Бессознательность мотивов любви доказывается и тем, что мы придаем чрезвычайно маловажное значение развитию сознания, то есть образованию любимой нами девушки. Ведь образование человека, будучи ненаследственным, не имеет никакого значения для его потомства. Напротив, чем неопределеннее психические качества данного лица, чем глубже лежат они в недрах его бессознательного, как это очень часто наблюдается у женщин, тем больше мы поддаемся его очарованию.
Итак, вследствие того, что в своей деятельности в жизни людей природа руководствуется принципом индивидуализирования, у них половое влечение утрачивает свой неопределенный характер, деятельность его сопровождается выбором, и оно превращается в любовь, часто достигающую такой остроты индивидуализирования, что из нее совершенно исчезает отличительная черта полового влечения – неопределенность. Такое различие между половым влечением и любовью выражает уже в мифологической форме Платон, когда говорит о первочеловеке, разрозненные половины которого страстно ищут друг друга, побуждаемые стремлением к соединению, что, пожалуй, можно понимать так, что гермафродитизм представляет первичную биологическую форму.
Таким образом, в справедливости теории Шопенгауэра не может быть никакого сомнения, но она нуждается как в исправлении, так и в восполнении. Индивидуализированию у людей подлежат преимущественно душевные качества, их характер и интеллект, почему и любовь должна преобразовывать преимущественно психические качества, а не одни только определенные свойства их ближайшего поколения. А так как психические качества человека определяют склад истории жизни человечества, то оказывается, что история представляет как бы продолжение биологии. Было бы непоследовательно думать, что лежащая в основе нашей любви воля только вводит нас в жизнь и затем покидает, предоставляя нас игре наших сознательных мотивов. Как нельзя допустить того, чтобы организующий в нас принцип, снабдив нас мозговым аппаратом, не заботился совсем о его функциях, так нельзя допустить и того, чтобы метафизическая воля, постаравшись развить у ближайшего нашего поколения известные способности, не пеклась об их употреблении. К тому же мы уже неоднократно видели прежде, что деятельность человека может определяться прямо, без посредства его сознания, мотивами, исходящими из недр трансцендентального, а это, конечно, может иметь место и в истории человечества.
Как биология, указывая на преследование в развитии органических форм и их сознания какой-то бессознательной цели, приобретает теологическую окраску, причем открывающее условия и средства законообразного достижения этой цели естествознание нисколько не впадает оттого с самим собой в противоречие, так должна поступать и история.

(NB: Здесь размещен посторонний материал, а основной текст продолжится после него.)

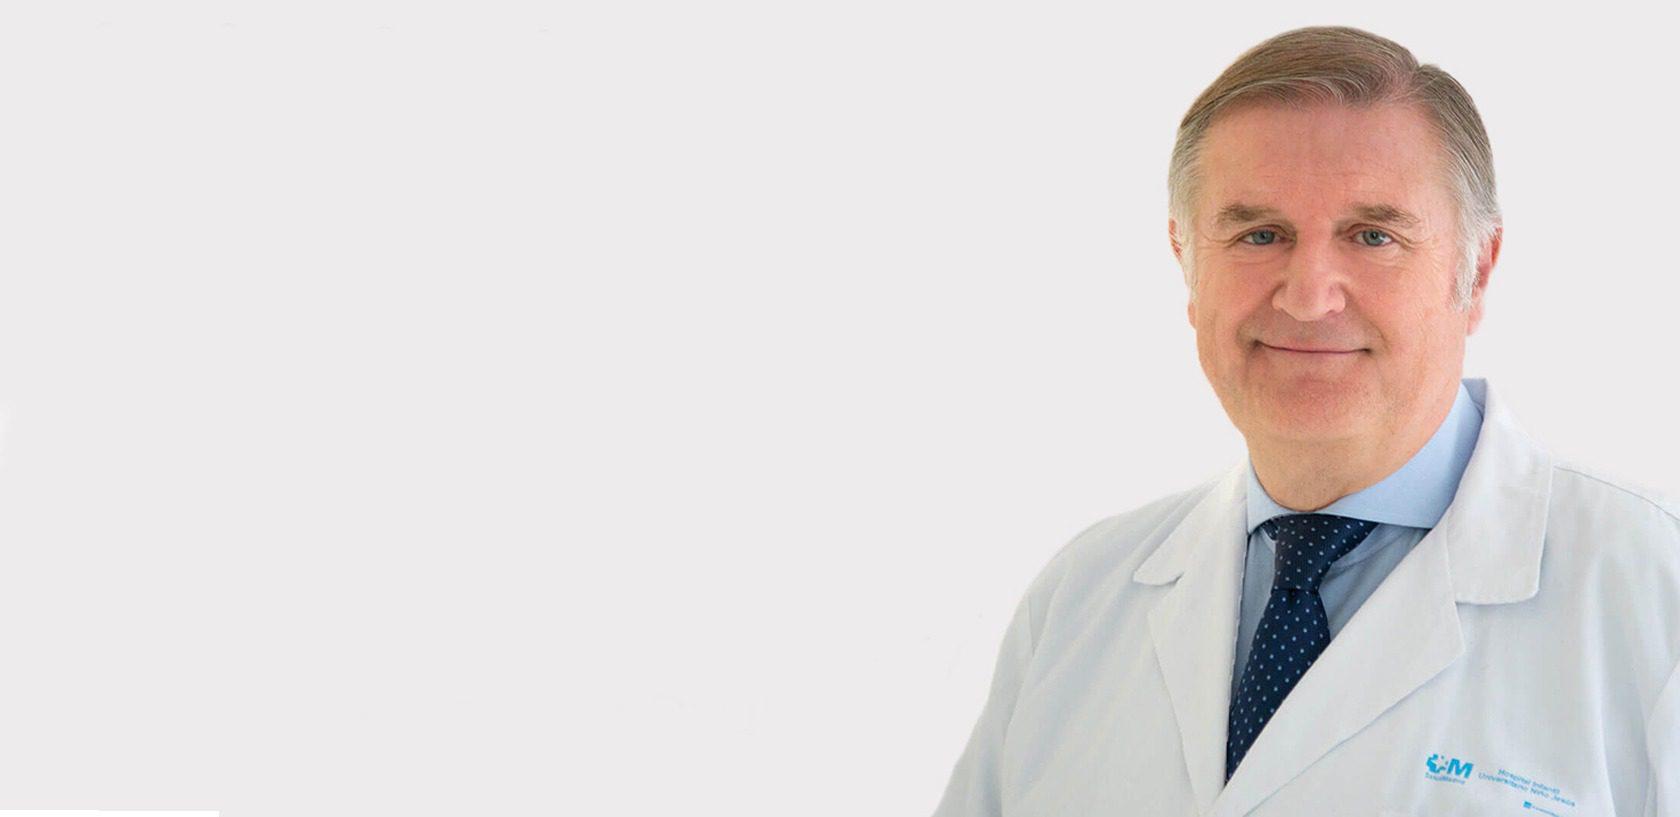 Dr. Luís Madero

Значение метафизики половой любви для истории несомненно: всякий раз как данному поколению людей приходится решать известные исторические задачи, можно смело сказать, что любовь предшествовавшего ему поколения преобразовывала его способности, необходимые для решения этих задач, и это одинаково верно, идет ли речь о производящей перевороты в жизни человечества деятельности его героев, появление которых в мире столь же фатально, как и фатально рождение в известное время, в известном месте известного человека, или о героях мысли, производящих перевороты в истории человеческого духа. Часто приходится слышать, что многие замечательные лица имели и замечательных матерей; к этому можно бы было прибавить то, что они имели матерей и страстно любимых. Высоко висящий на духовном древе плод точно так же преобразуется не только в мозгу срывающего его человека, но и в любви родителей, как высоко висящий древесный плод преобразуется в длинной шее жирафы. Шопенгауэр, соглашающийся со второй частью этого афоризма, был бы последователен, если бы согласился и с первой; этим он достиг бы более глубокого понимания истории, хотя, конечно, впал бы в противоречие со своим учением о слепоте мировой воли.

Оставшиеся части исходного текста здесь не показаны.